В проходном дворе — одноэтажный дом, занятый под красноармейский постой.

Несколько комнат с койками, портянками, обмотками, гармонью и балалайкой.

Почему-то озабоченные и задумчивые красноармейцы.

Маленькая дверь дальше.

За дверью что-то вроде бывшего кабинета с письменным столом с оторванными дверцами.

Дальше еще дверь в совсем маленькую комнатку.

Мы приходим туда — несколько человек.

Громадного роста, состоявший когда-то в анархистах, дегенерировавший русский аристократ с немецкой фамилией. Неудачник — сын одного из второстепенных русских композиторов61.

Актер Смолин из передвижной фронтовой труппы. Между исполнением [роли] Мирцева в пьесе «Вера Мирцева» (той пьесе, что начинается в темноте с выстрела, которым жена прокурора убивает любовника, и пьеса строится на том, как шаг за шагом прокурор приходит к уверенности, что убийца — его жена) он лечит мигрени наложением рук и часами смотрит в кристальный шар в своем номере гостиницы.

Тренькает за дверью балалайка.

Стучат котелки с ужином из походной кухни во дворе.
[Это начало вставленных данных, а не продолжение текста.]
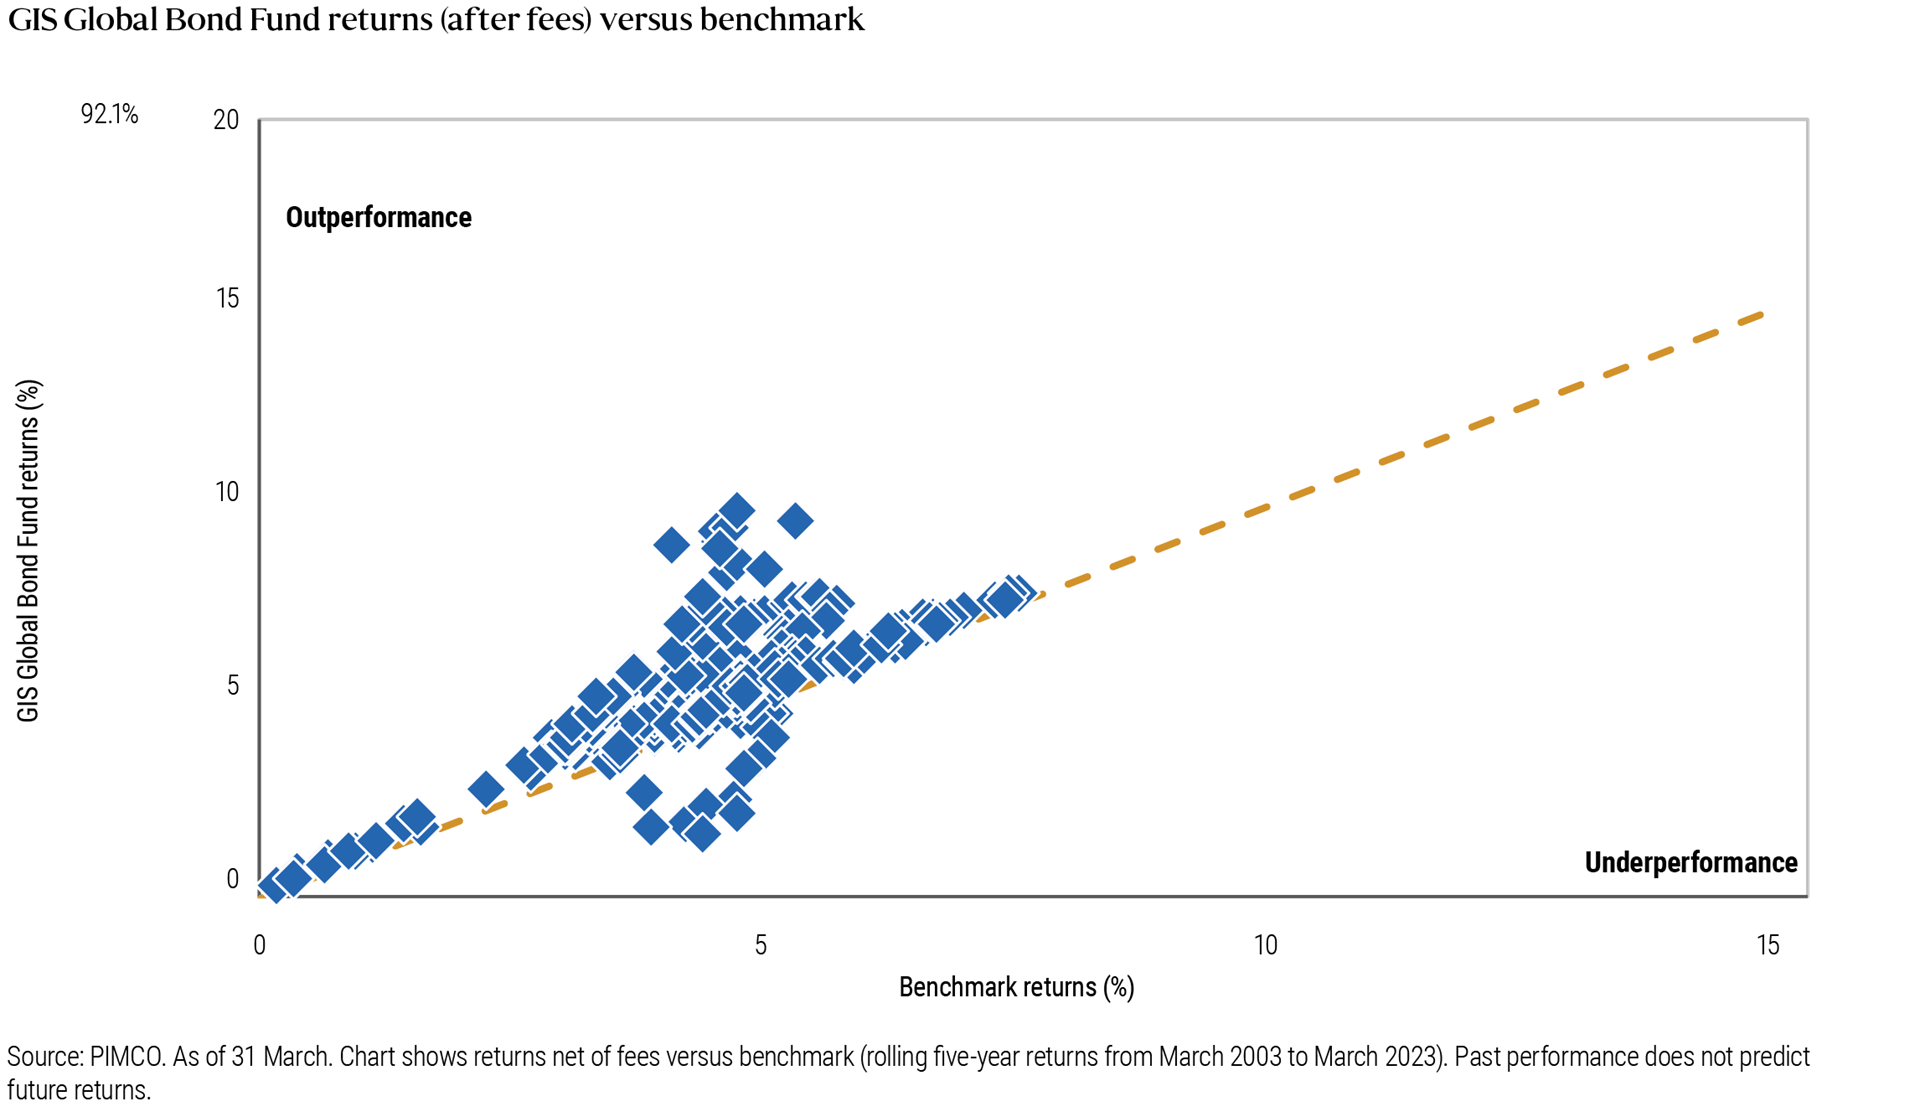 Figure 2: The graph shows the rolling five-year returns of PIMCO GIS Global Bond Fund (before fees) versus the benchmark – from 31 March 2003 through to 31 March 2023. The fund outperformed its benchmark, the Bloomberg Global Aggregate Index, in 95% of the periods on a rolling five-year basis. 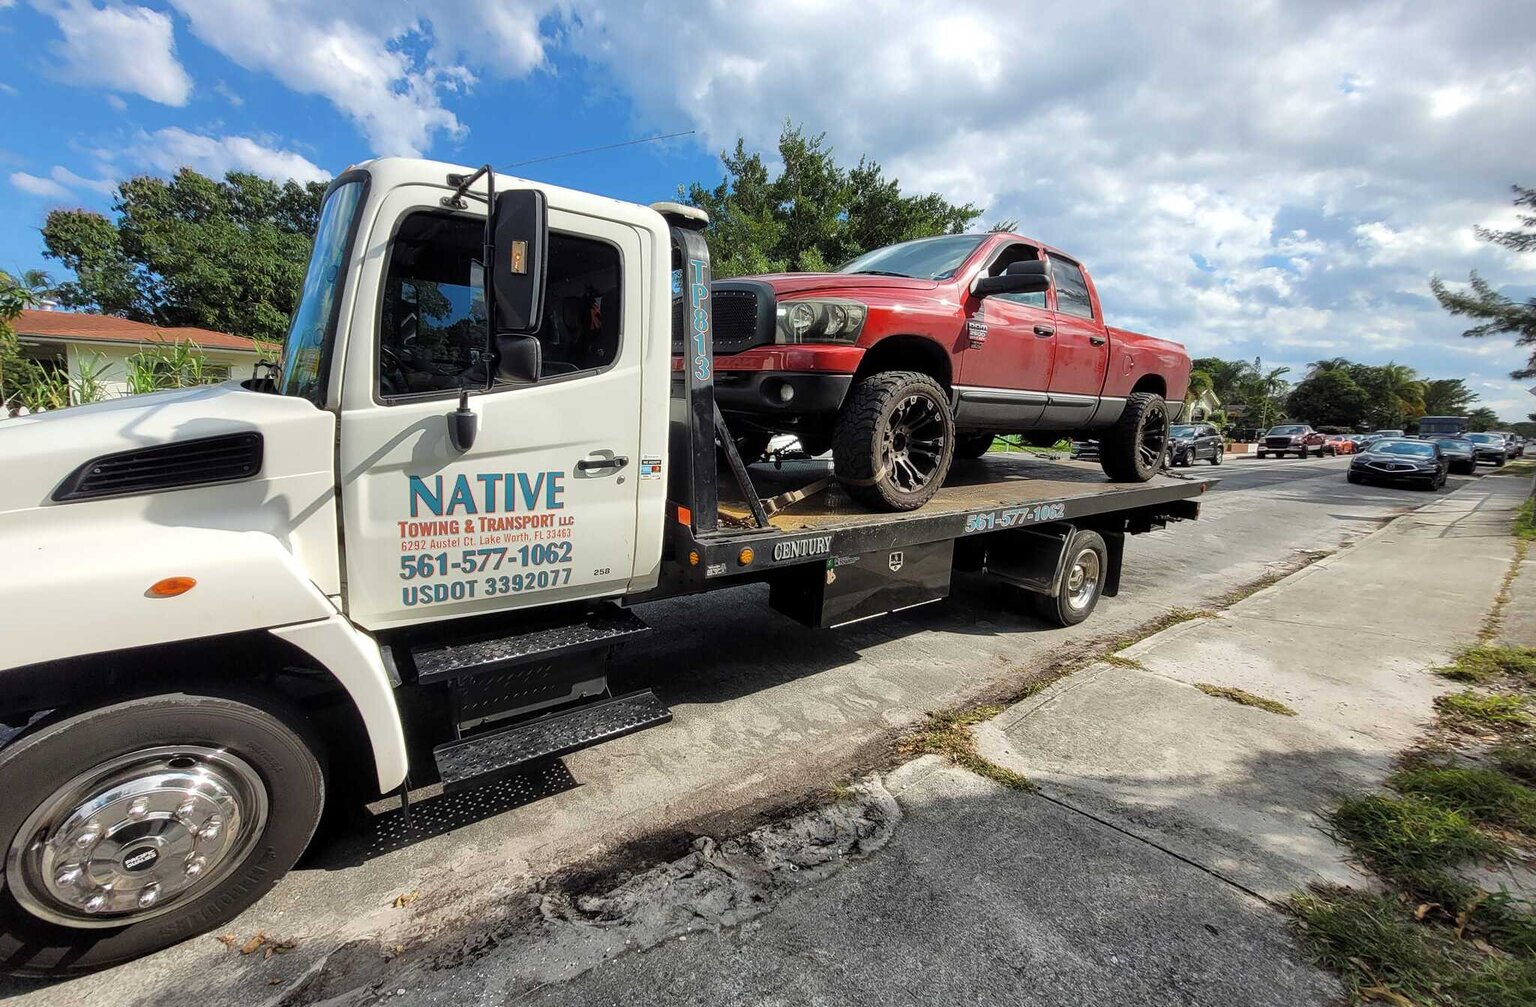 How Much Does a Tow Truck Typically Cost?

А здесь — накинув белую рубаху поверх гимнастерки и обмоток — трижды жезлом ударяет в пол долговязый анархист.

Возвещает о том, что «епископ Богори готов нас принять».

Омовение ног посвящаемым руками самого епископа.

Странная парчовая митра и подобие епитрахили на нем.

{63} Какие-то слова.

И вот мы, взявшись за руки, проходим мимо зеркала.

Зеркало посылает союз наш в… астрал.

Балалайку за дверью сменяет гармонь.

Стучат опустевшие котелки…

Красноармейцы уже веселы.

Печаль их была ожиданием ужина.

А мы уже… рыцари.

Розенкрейцеры.

И с ближайших дней епископ посвящает нас в учение Каббалы и [в] «арканы» Таро62.

Я, конечно, иронически безудержен, но пока не показываю виду.

Как Вергилий Данте, водит нас Богори по древнейшим страницам мистики.

По последним «печатям тайны».

Я часто засыпаю под толкования «арканов». В полусне барабанит поговорка: «В одном кармане — блоха на аркане…» На второй половине поговорки: «… в другом — вошь на цепи» — цепенею и засыпаю.

Не сплю, кажется, только на самой интересной части учения, все время вертящегося вокруг божеств, Бога и божественных откровений.

А тут на самом конце выясняется, что посвященному сообщают, что «… Бога нет, а бог — это он сам».

Это мне уже нравится.

И очень мне нравится систематизированный учебник «оккультизма», где прописи практики начинаются с разбора «зерен» (одинаково полезного занятия как для воспитания внимания по системе Константина Сергеевича63, так и на первых шагах к умению шпиона — вспомним «детские игры» в «Киме» Киплинга!) и кончаются практическим достижением… элевации.

… Несколько лет спустя на развале у Китайгородской стены — сейчас ни развала и ни стены — я нахожу этот «учебник» за трешку, и сейчас он покоится рядом с «Историей магии» Элифаса Леви — на полках моей библиотеки, отданных под «науки неточные» (магия, хиромантия, графология, о которых в других местах64).

Осенью того же, 1920 года «рыцари» по долгу службы, за исключением долговязого и артиста-целителя, куда-то пропавших, — в Москве.

{64} Среди новых адептов — Михаил Чехов и Смышляев. В холодной гостиной, где я сплю на сундуке, — беседы.

Сейчас они приобретают, скорее, теософский уклон. Все чаще упоминается Рудольф Штейнер. Валя Смышляев пытается внушением ускорять рост морковной рассады. Павел Андреевич увлечен гипнозом65. Все бредят йогами. Михаил Чехов совмещает фанатический прозелитизм с кощунством.

Помню беседы о «незримом лотосе», невидимо расцветающем в груди посвященного. Помню благоговейную тишину и стеклянные недвижно устремленные к учителю очи верующих.

Мы с Чеховым уже на улице.

Тонкая пелена снега. Вечер.

Собачка за собачкой игриво носятся около фонарного столба.

«Несомненно, в незримом лотосе что-то есть, — говорит Чехов, — вот возьмите собачек. Мы не видим ничего. А они что-то друг у друга вынюхивают под хвостиками…»

Цинизм этого типа обычно неразлучен с верой. Таков и Чехов.

Здравомыслящим остаюсь я один.

Я то готов лопнуть от скуки,

то разорваться от смеха.

Наконец, меня объявляют «странствующим рыцарем» — выдают мне вольную — и я стараюсь раскинуть маршруты своих странствий подальше от розенкрейцеров, Штейнера, Блаватской.